**Data provided:**
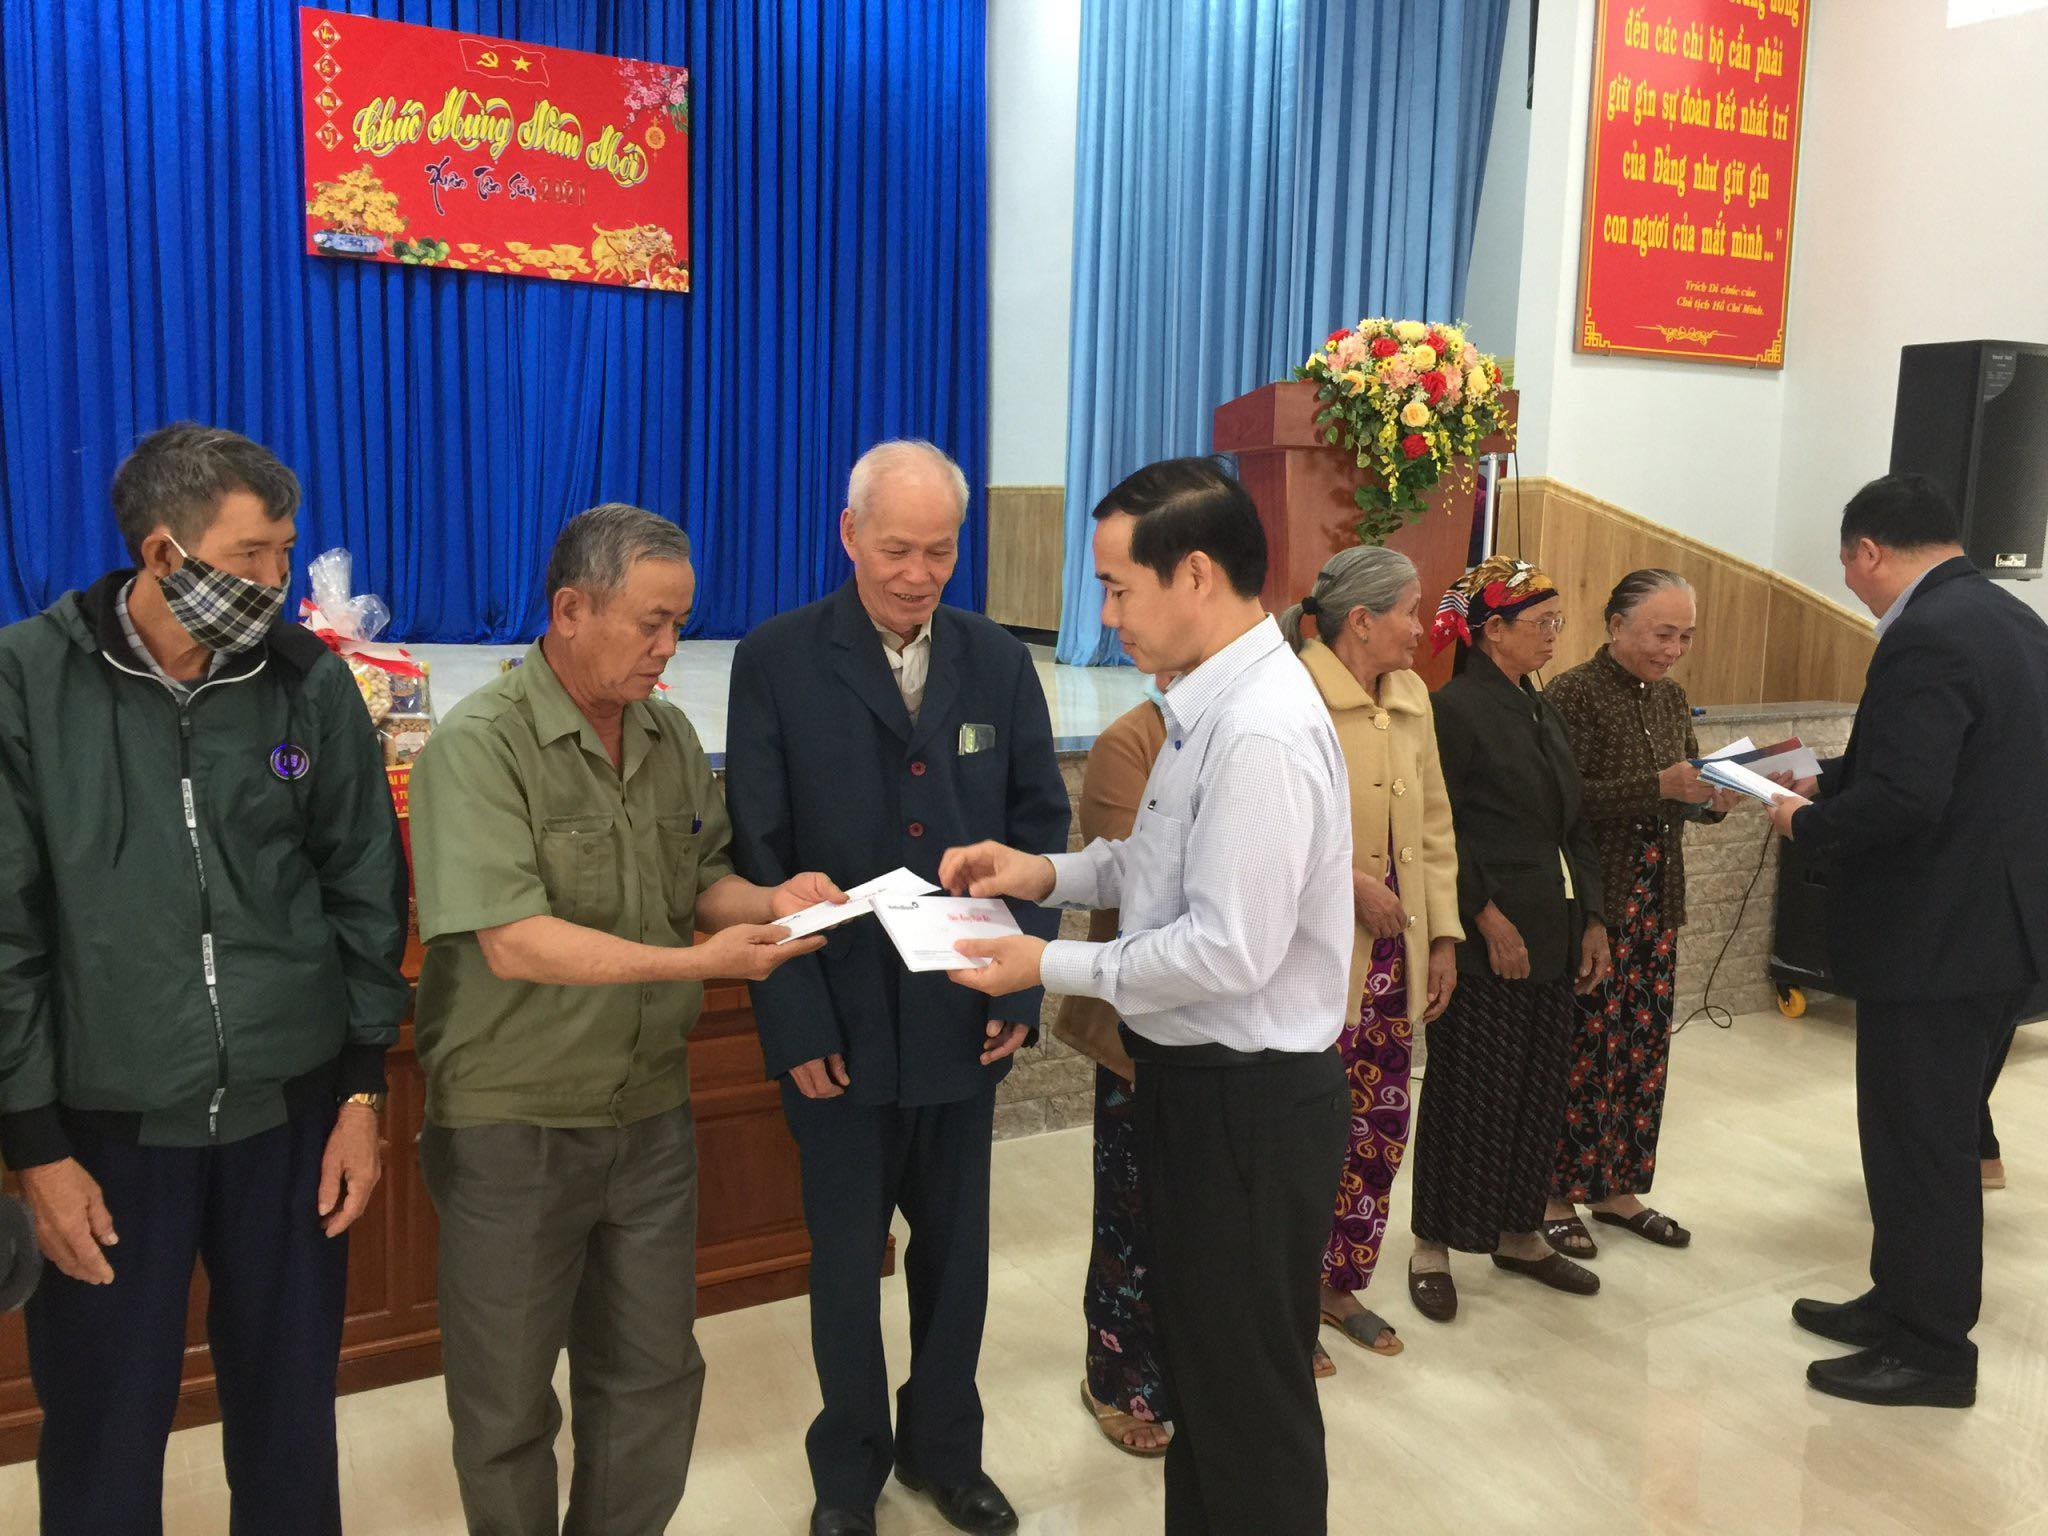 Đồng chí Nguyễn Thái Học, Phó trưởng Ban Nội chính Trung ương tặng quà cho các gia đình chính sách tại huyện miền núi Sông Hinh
--
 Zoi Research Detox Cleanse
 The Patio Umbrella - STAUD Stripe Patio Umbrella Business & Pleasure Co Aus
* * *
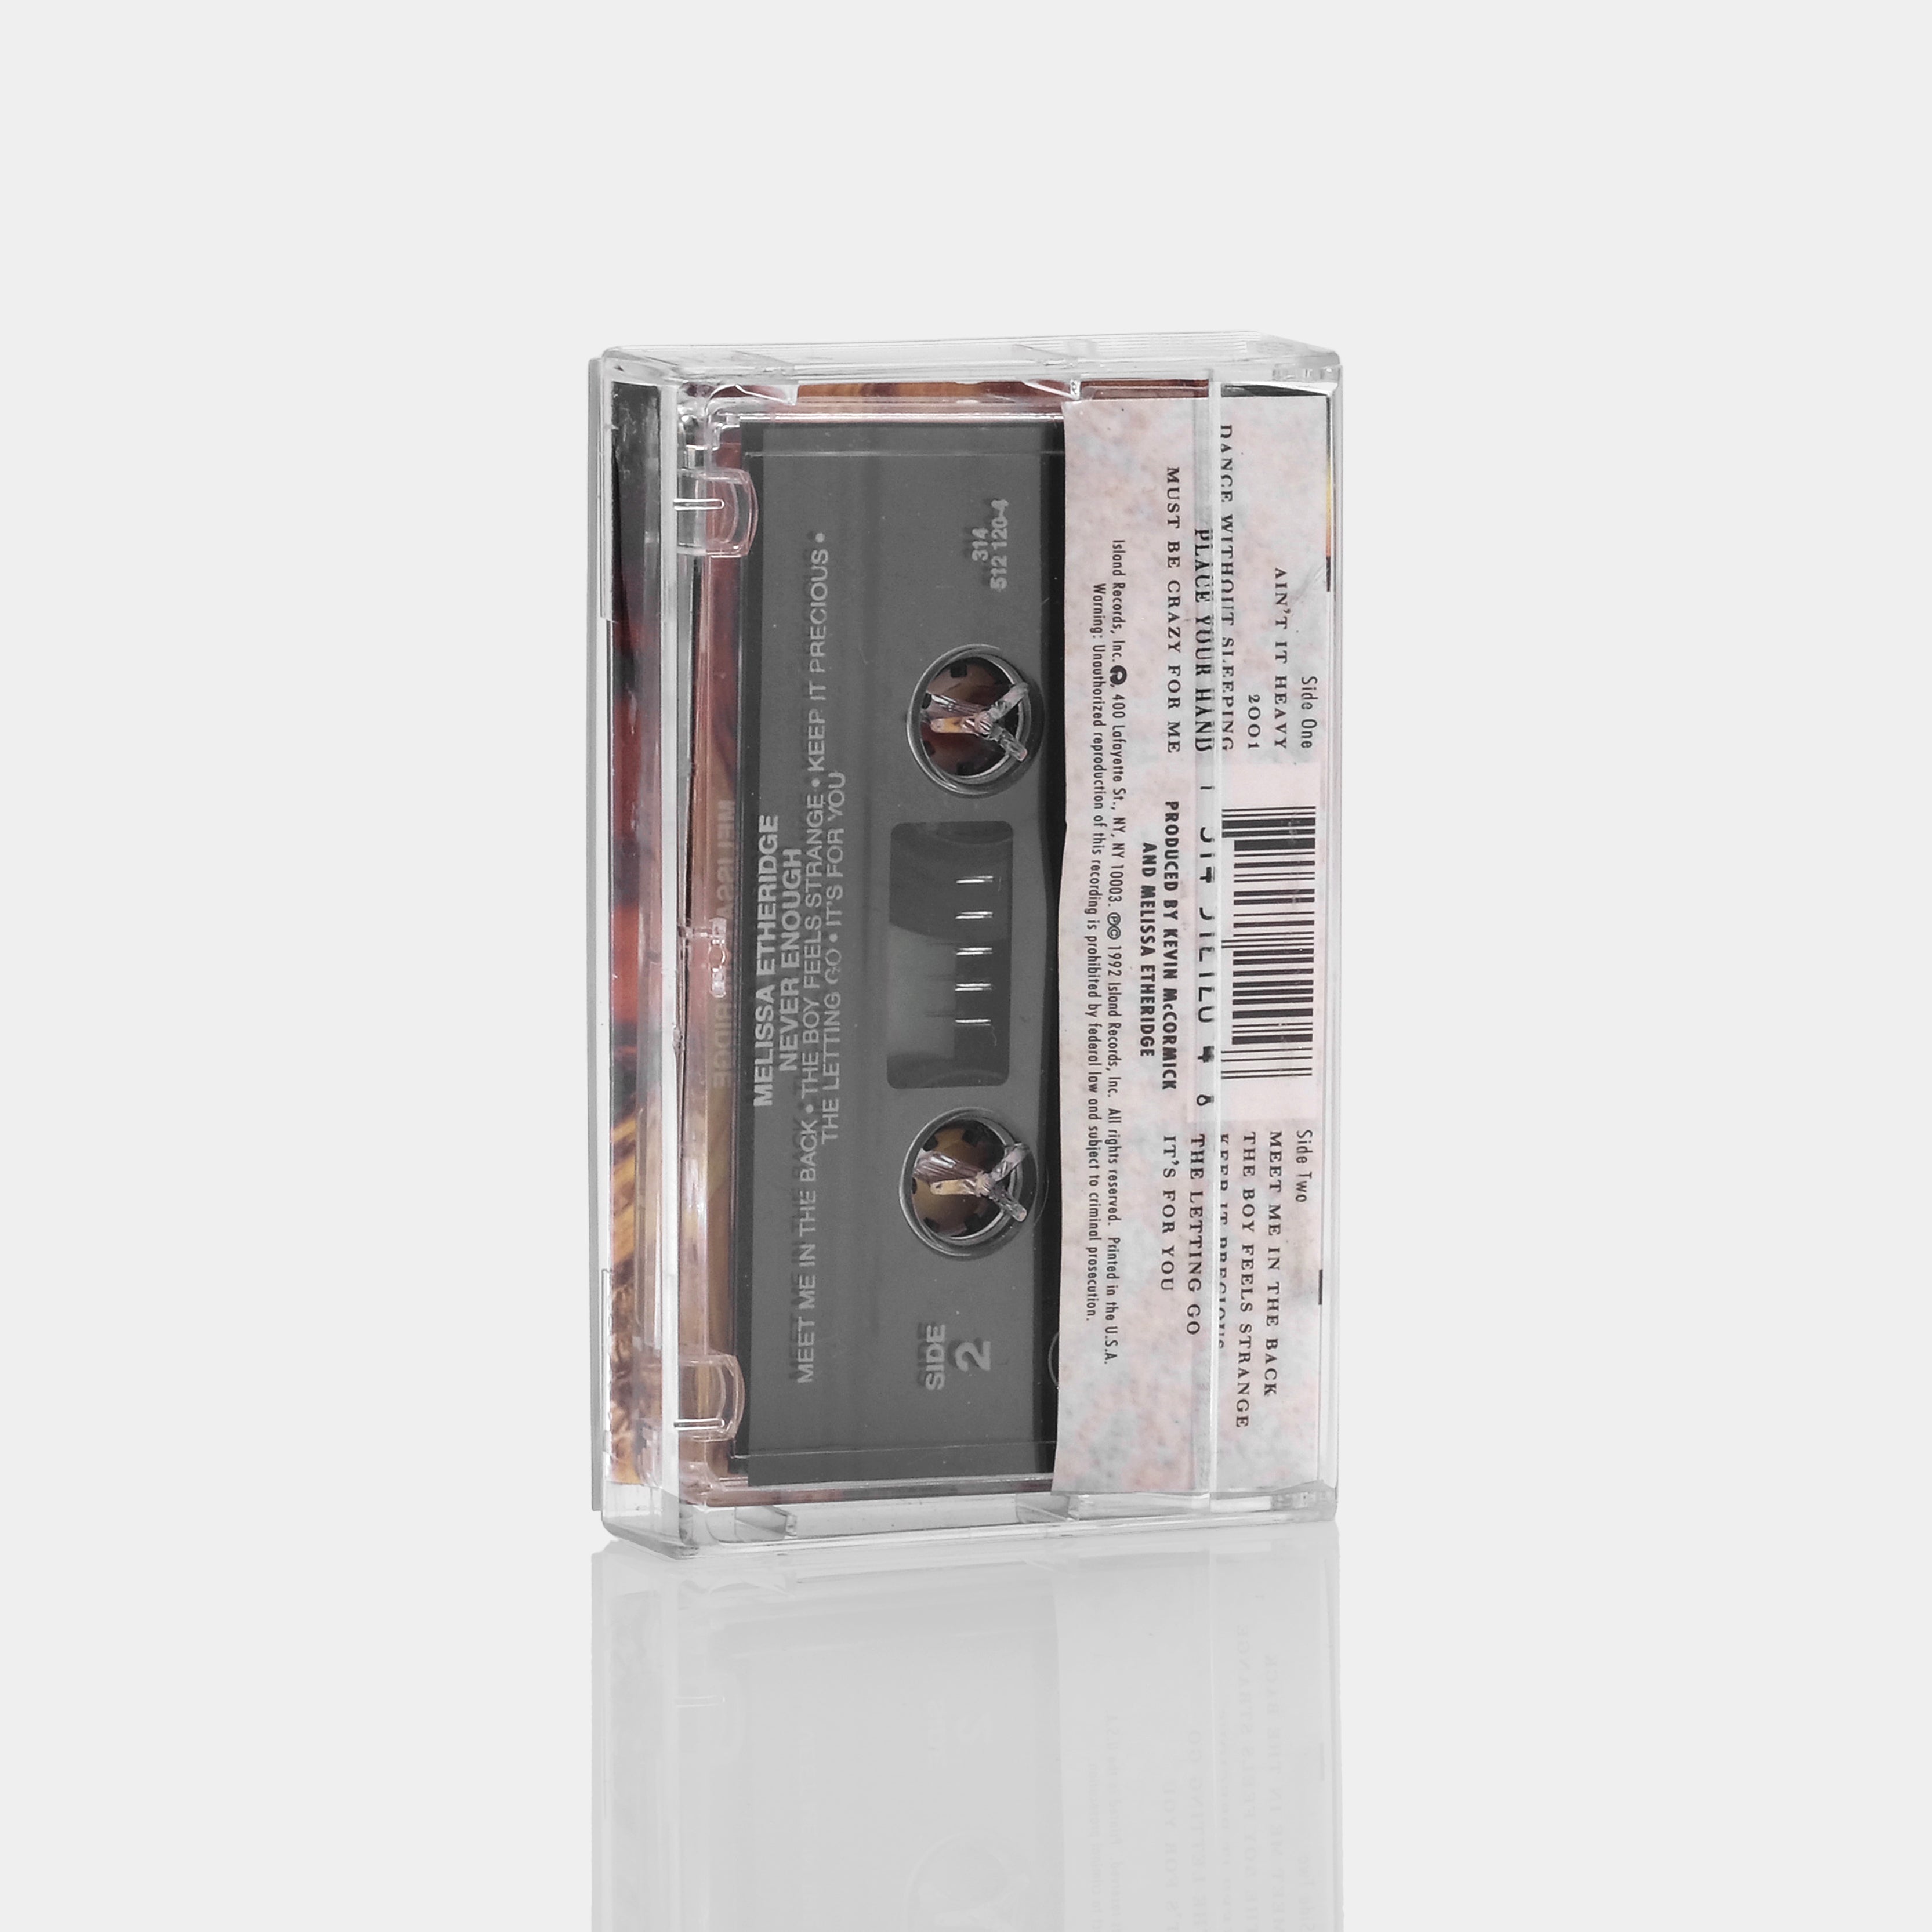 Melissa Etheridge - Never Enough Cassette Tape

**Work instruction:**
Write out only the lines that run from the line containing "Zoi Research Detox Cleanse" through the line containing "The Patio Umbrella", both included, exactly as they appear above.

**Worked solution:**
 Zoi Research Detox Cleanse
 The Patio Umbrella - STAUD Stripe Patio Umbrella Business & Pleasure Co Aus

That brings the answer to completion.